For two or more lanes, validate sequencing logic when multiple requests arrive. Confirm the state machine prevents forbidden states and preserves safety cues/clear gaps. Record queue effects and announce dwell timings on HMI tiles for operators; align wording with your 525 Modes of Operation and 544 Operational Dashboards.

636.6 Mixed-mode scenarios

Switch modes during traffic (525). Mixed tests verify crash rated bollard robustness.

Exercise day/night profiles, lockdown/emergency, maintenance bypass, and fire-alarm overrides. Prove recovery paths and latched alarms behave as specified (see 536 Alarm Philosophy and 346 Fire/BMS Interfaces). Document any throughput penalty and capture operator messages that minimize mode error.

636.7 Trend/logging setup

Enable counters and health pings (541). Setup sustains HVM bollard KPI tracking.

Turn on device counters, health pings, trend tags for temperature/current/pressure, and first-out alarms. Push to a historian or lightweight dashboard (542–544). Ensure time sync (NTP) and stable asset naming; this data underpins MTBF, SLA availability gauges, and later 543 predictive maintenance.

636.8 Pass/fail thresholds

Compare to spec/ITP bands (433, 714). Thresholds make crash rated bollard acceptance objective.
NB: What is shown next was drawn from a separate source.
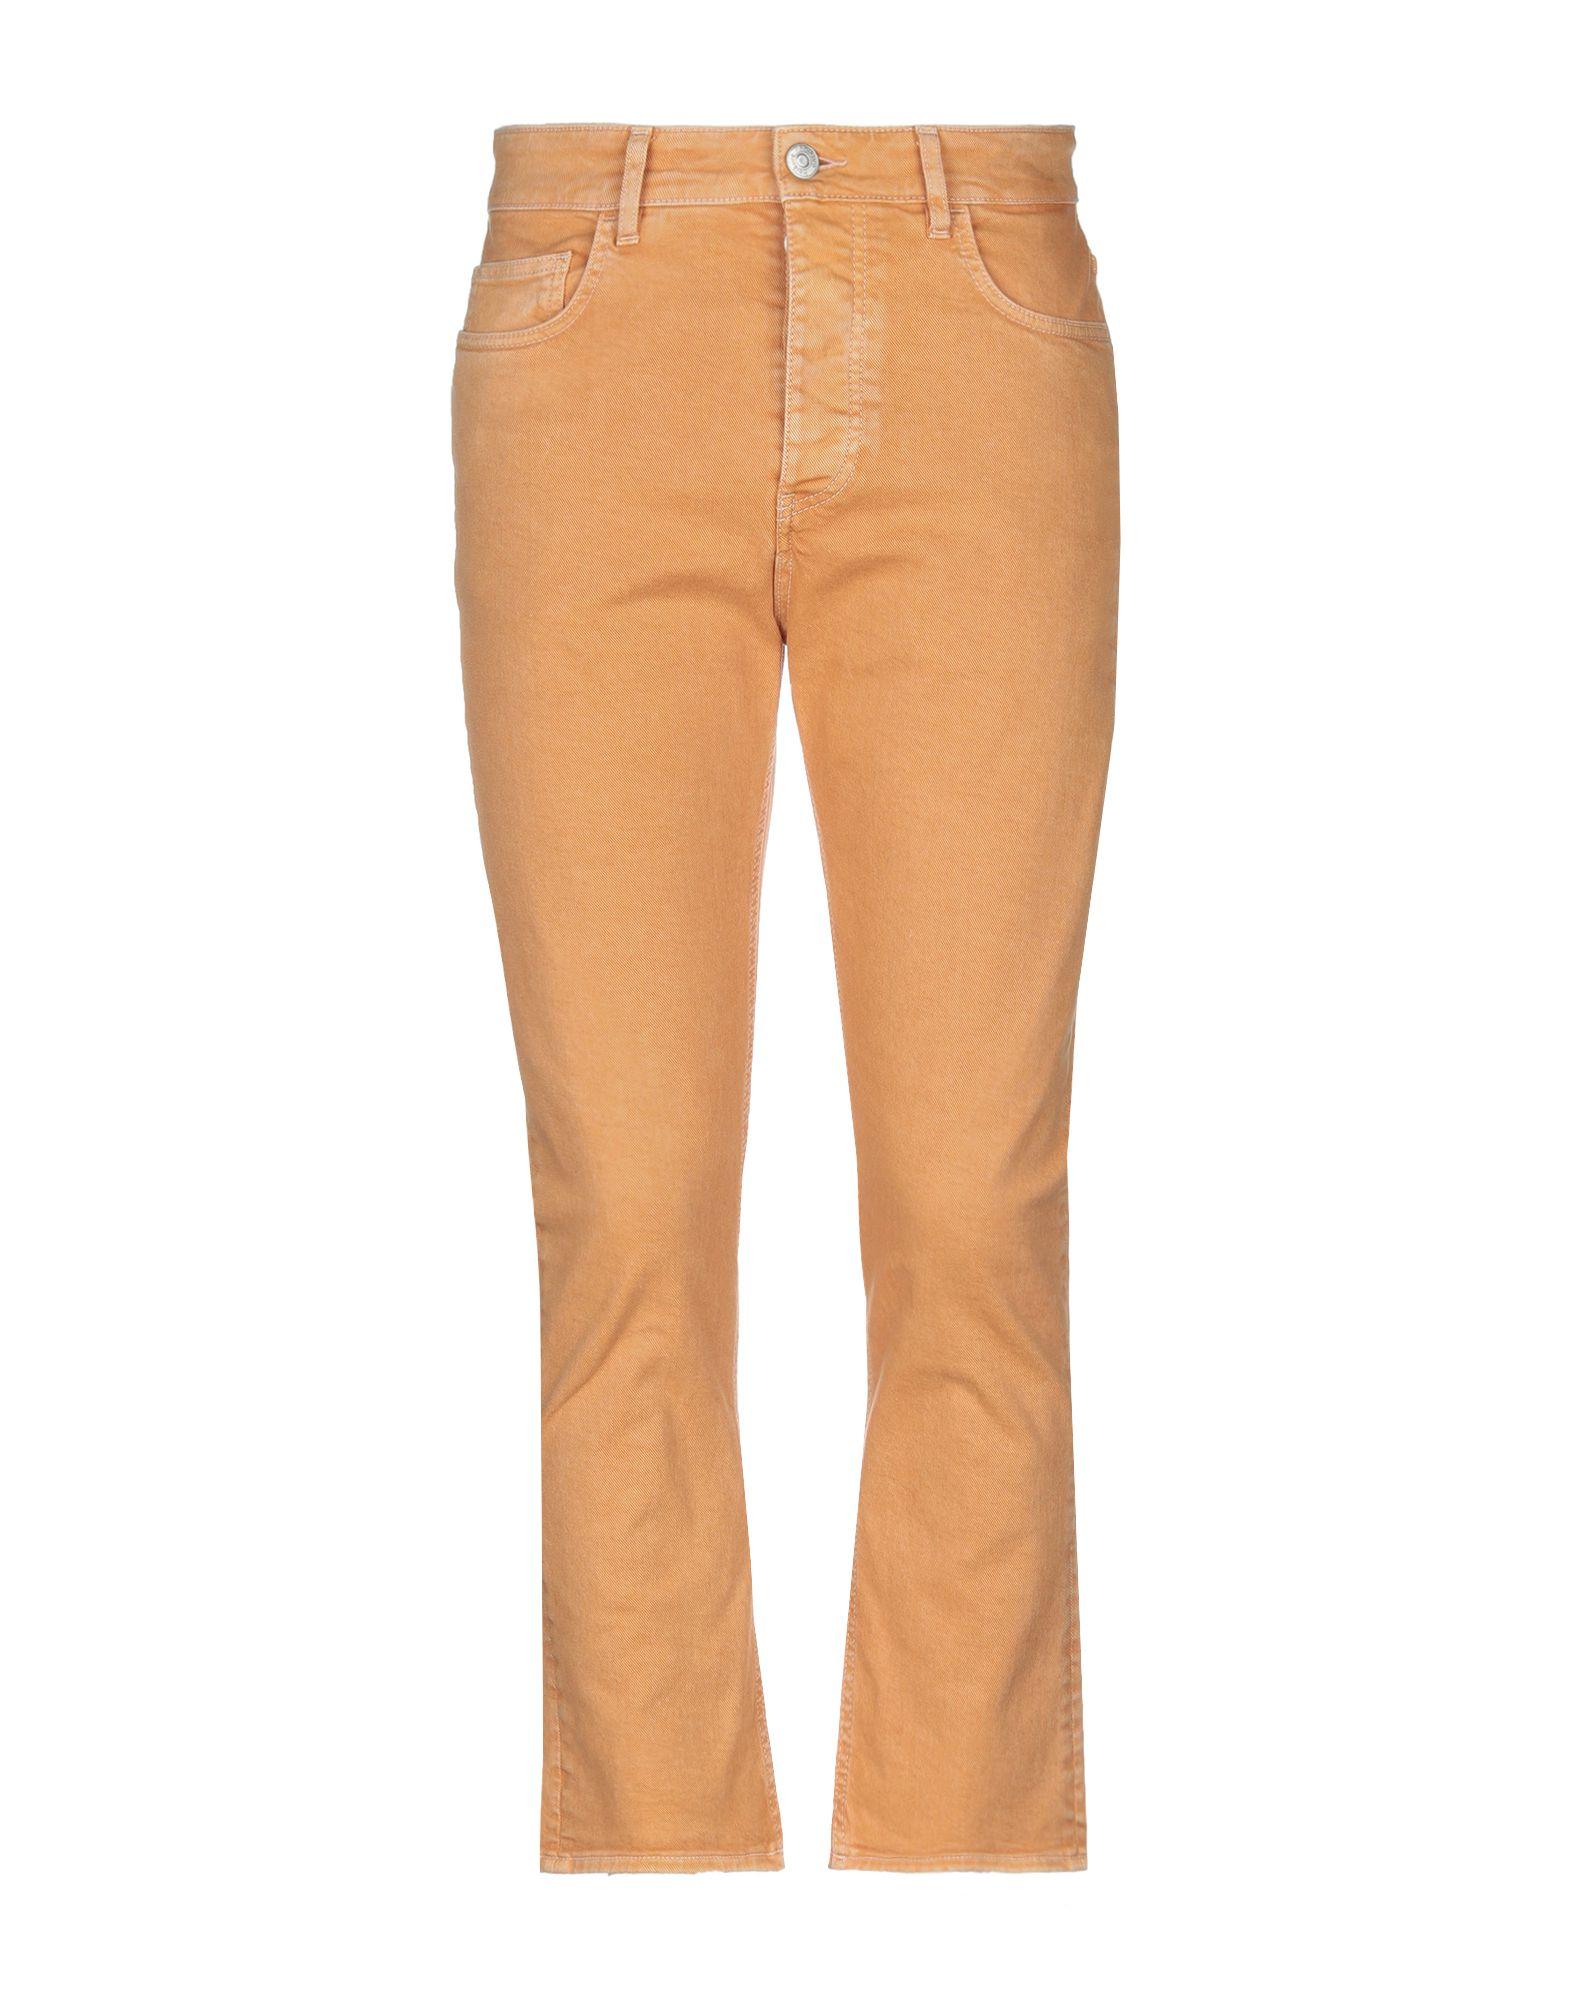 Pantaloni Jeans Haikure Haikure Haikure uomo - 42691740QX 402

Translate your specification and ITP into acceptance bands: cycle time (median/95th), Ops/hour minimum, power peaks, acoustic limits, and max temperatures. Record witness points and sign-offs for SAT (638). Nonconformances should open NCRs with defect class, root cause, and retest plan (719).

636.9 Results summary

Create a concise report and charts (544). Summary proves HVM bollard value.

Produce one-page charts: sparkline of cycle time, Ops/hour bar, temperature trend, and energy pie (idle/raise/lower/EFO). State pass/fail vs thresholds, list improvements (e.g., fan curve, pump duty/assist, EFO cool-down), and note business impacts for 843 ROI and 738 SLA targets. Archive logs/screenshots in the submission pack (938).

Related

External resources

636 Performance & Duty Tests — FAQ

What is an acceptable cycle time for an automatic HVM bollard?
It depends on model and duty. Many lanes target 3–6 s per raise and 2–5 s per lower. Use your project specification and ITP bands to define pass/fail, and verify under soak to catch thermal drift.
How do we prove the duty cycle is safe in hot climates?
Run stepped-duty tests while logging enclosure, oil/motor temperatures and current draw. Compare against vendor derating curves and confirm fans/venting or standby pressure tweaks keep all values within limits.
Do EFO tests damage the system?
Properly designed EFO uses stored energy (accumulator/capacitor) and a cool-down interval. When limits are respected, EFO should not harm the system. Always log EFO events and verify recovery to normal duty.
Which logs are essential for SAT sign-off?
Keep cycle-time series, Ops/hour counters, temperature/current trends, acoustic readings, and power/EFO snapshots. Pair with witness signatures, NCR closures, and dashboard screenshots in the submission pack.